◆ **WORK ORDER**: Transcribe exactly, and only, the lines running from the one that contains "Tassels, Silk Fringe" through the last line of the material. No pictures.
INPUT DATA: Begin
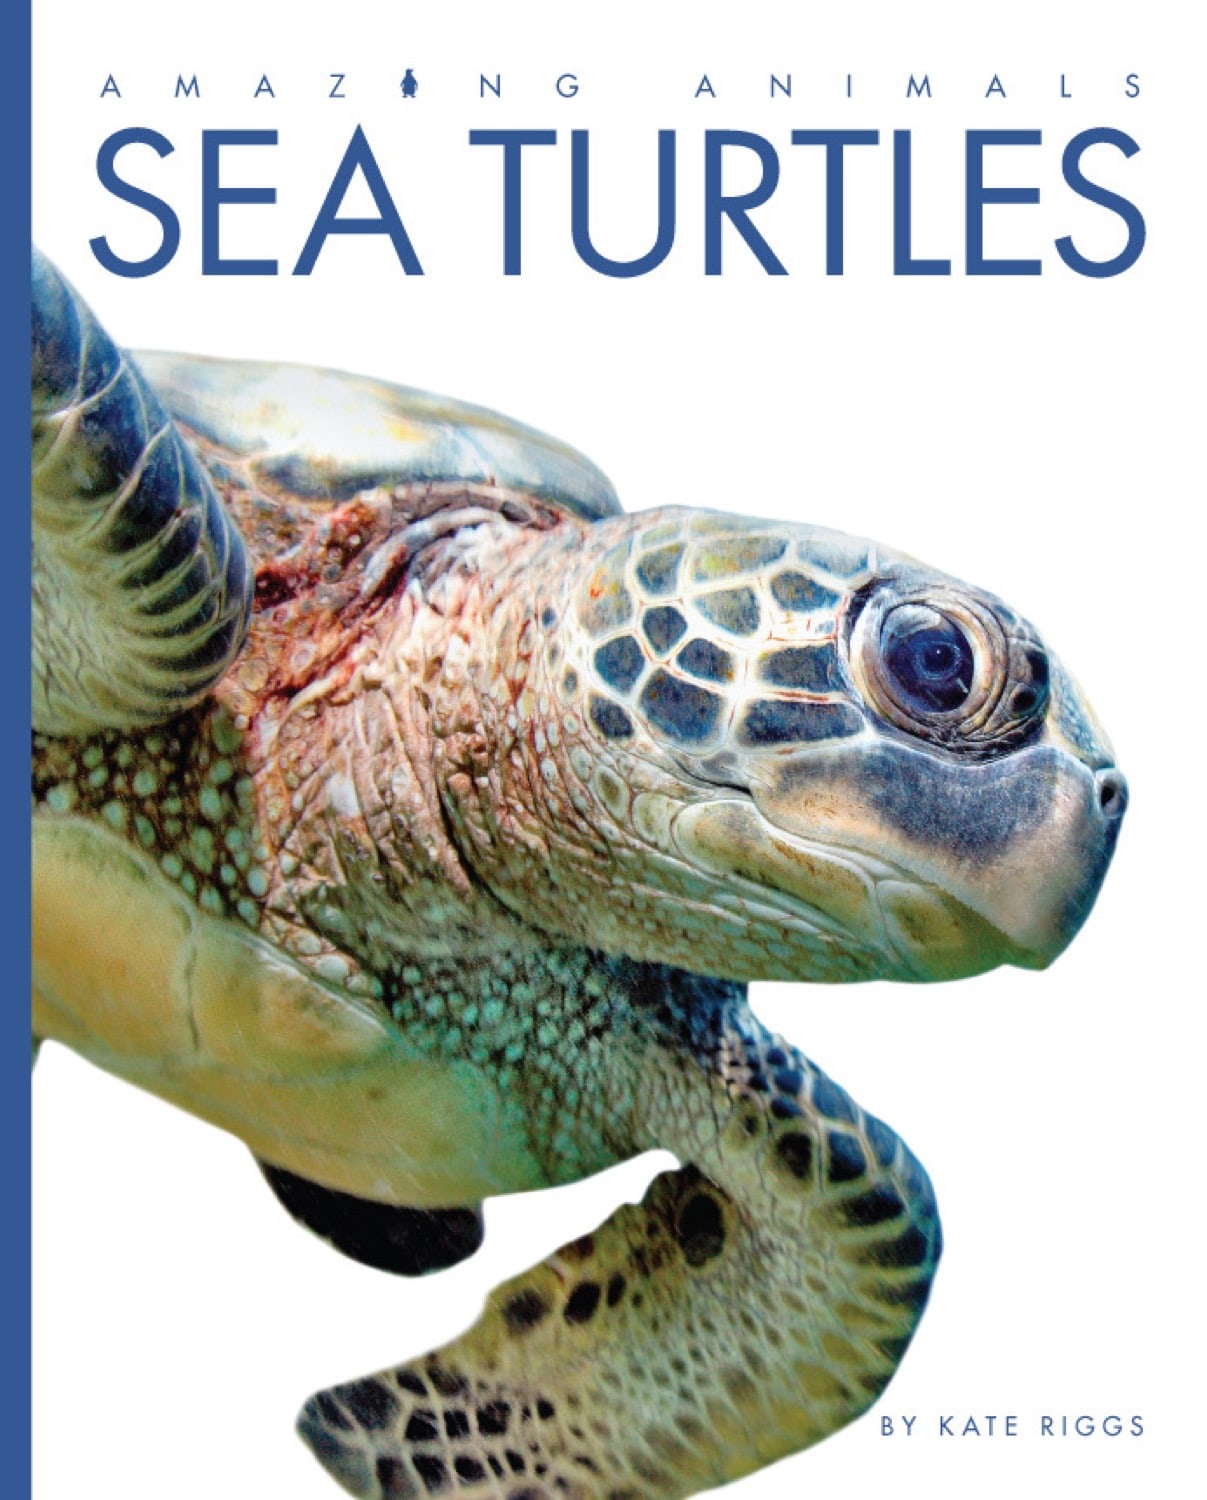 A Book About Sea Turtles
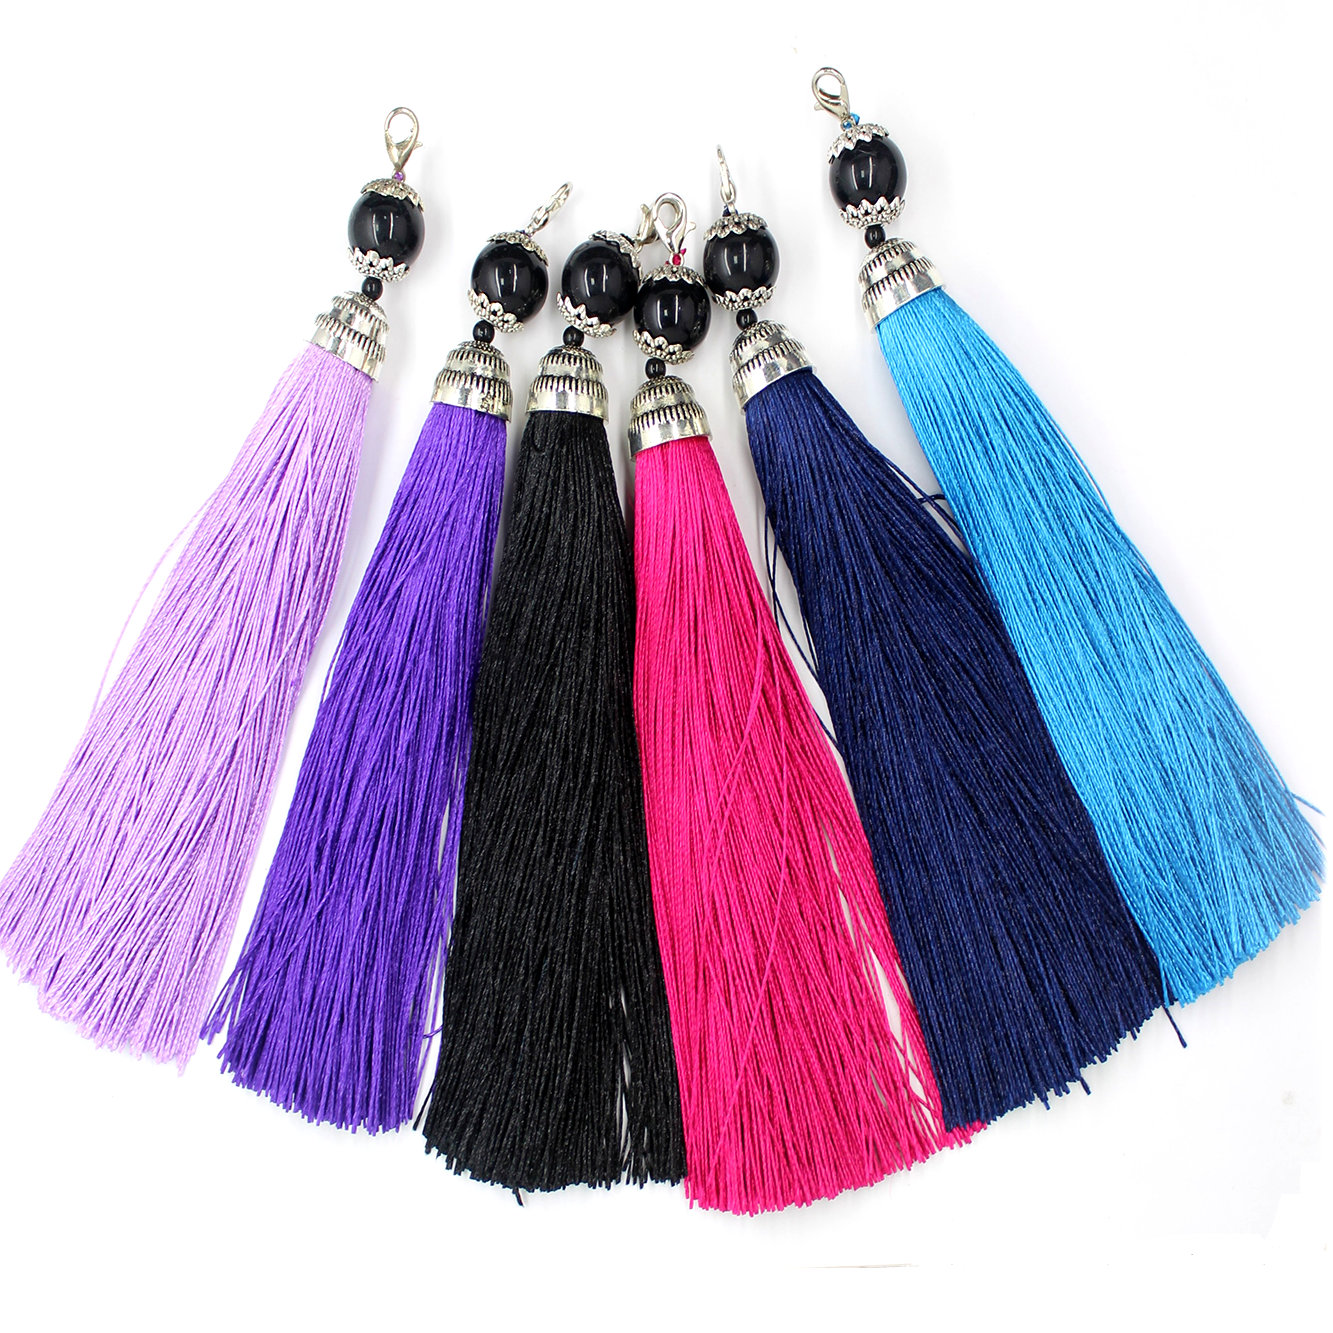 Tassels, Silk Fringe thread with Lobster Clasp, 6 inch, 1pc, Available in 13 colors
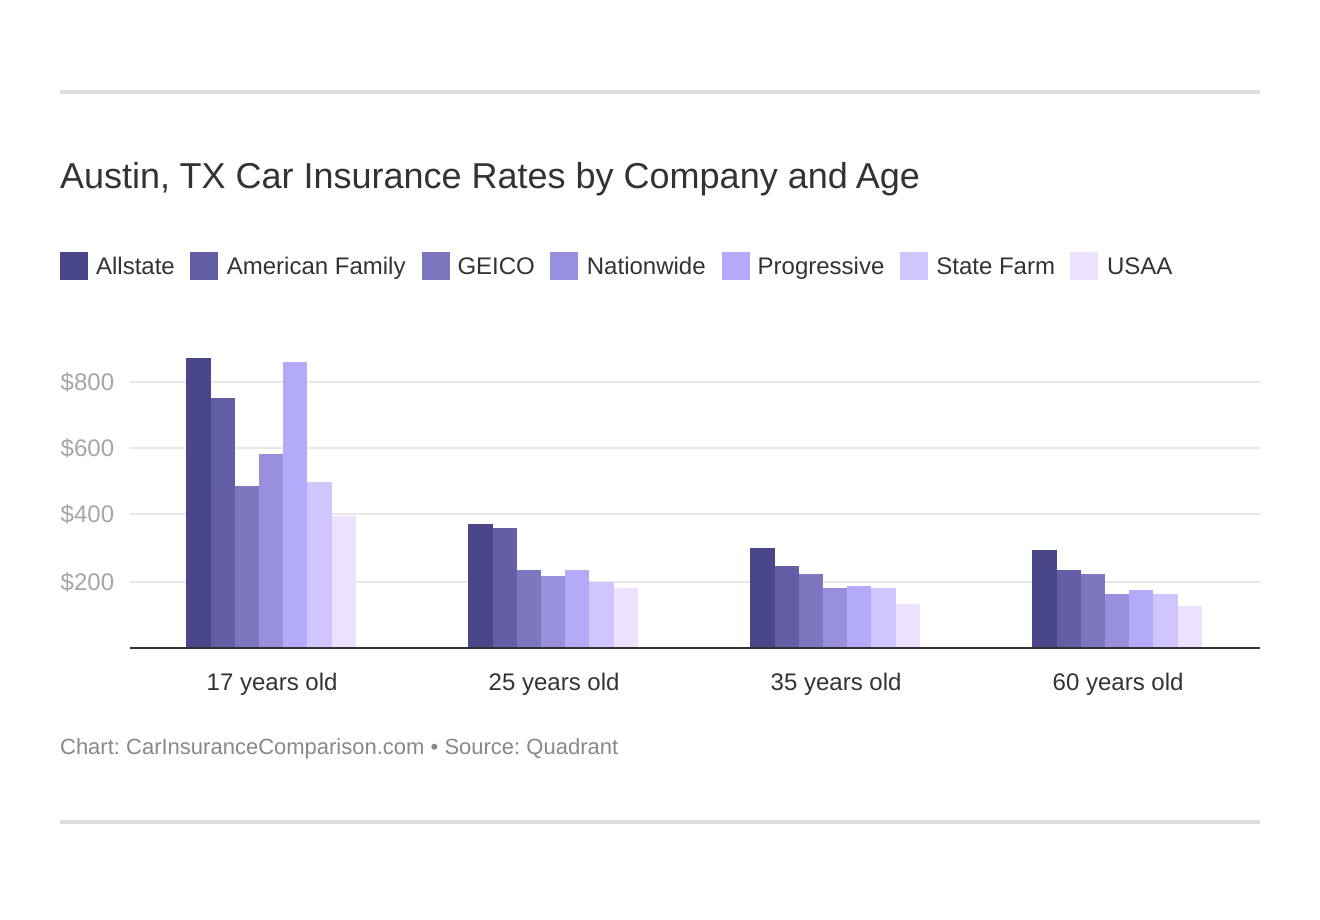 Austin, TX Car Insurance Rates by Company and Age
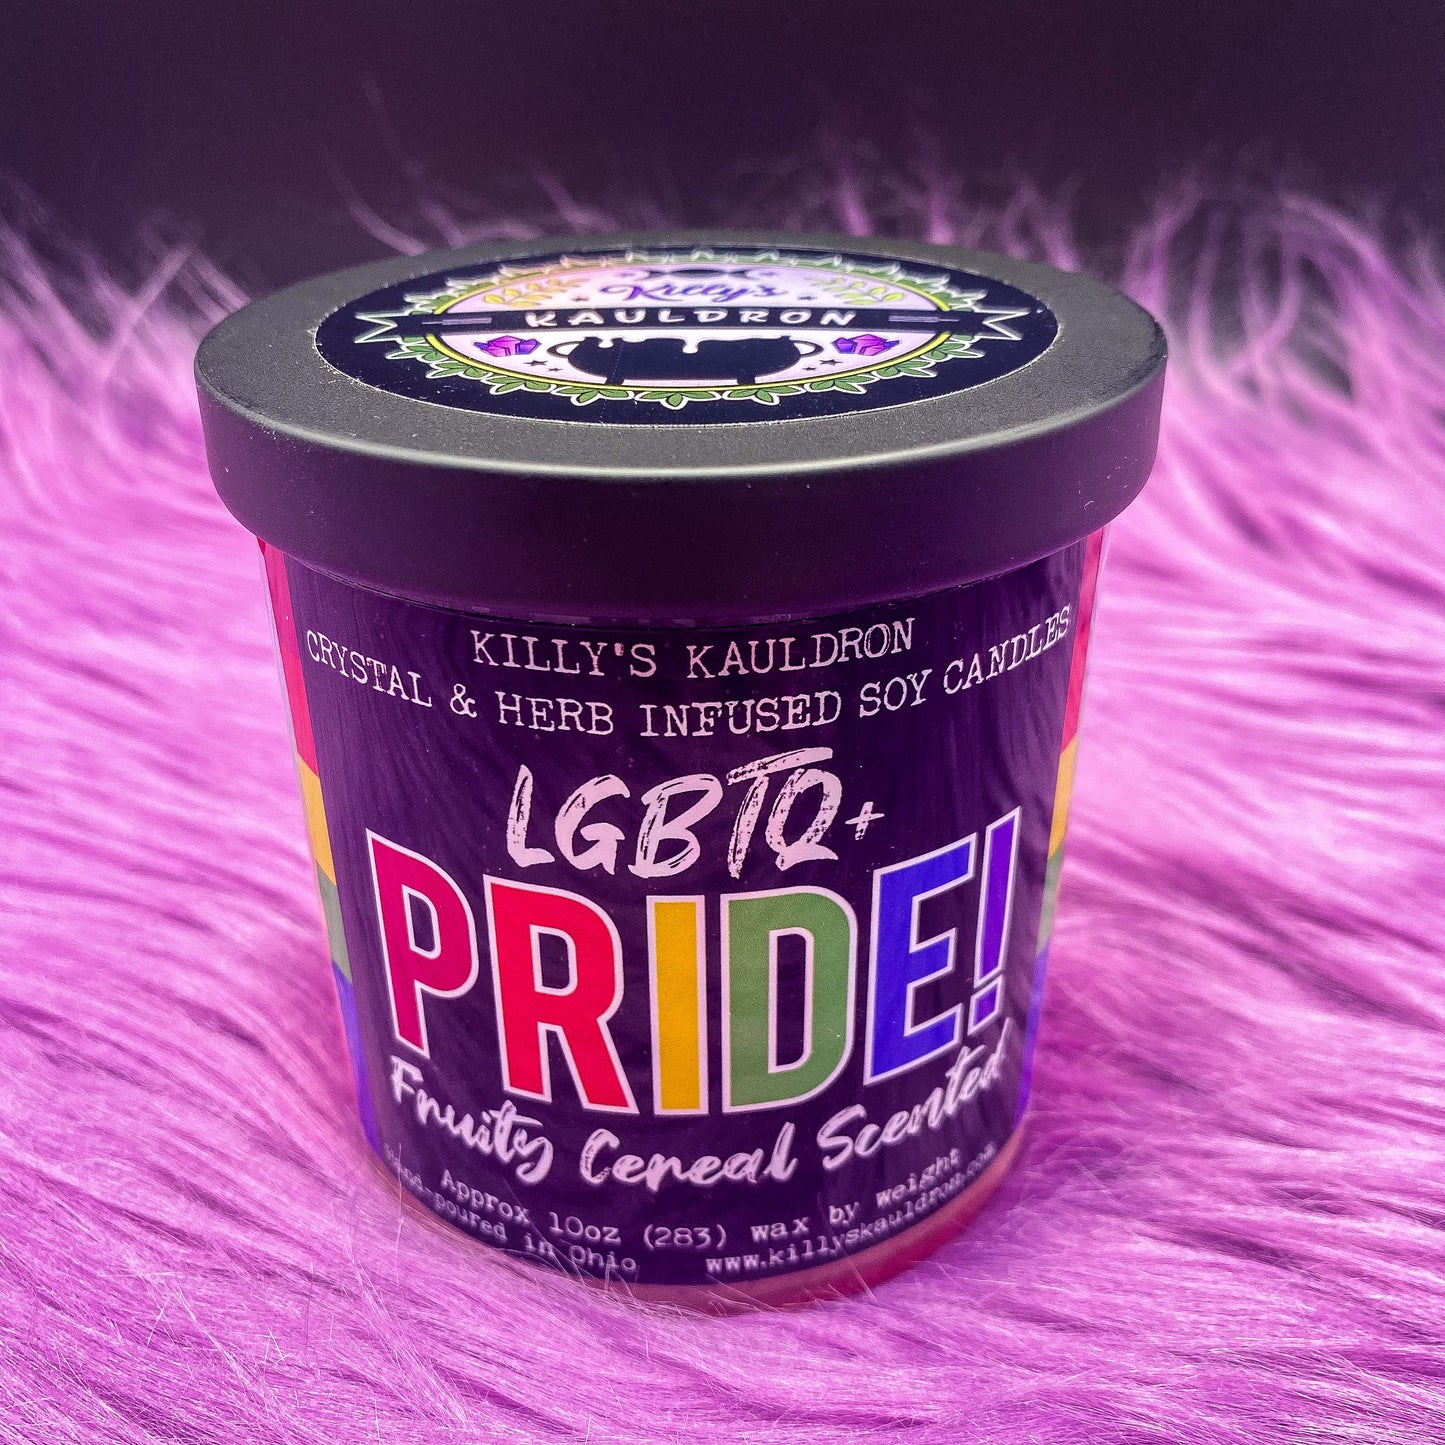 Pride Candles & Melts
INPUT DATA: End
◆ **EXERCISE RESPONSE**:
 Tassels, Silk Fringe thread with Lobster Clasp, 6 inch, 1pc, Available in 13 colors
 Austin, TX Car Insurance Rates by Company and Age
 Pride Candles & Melts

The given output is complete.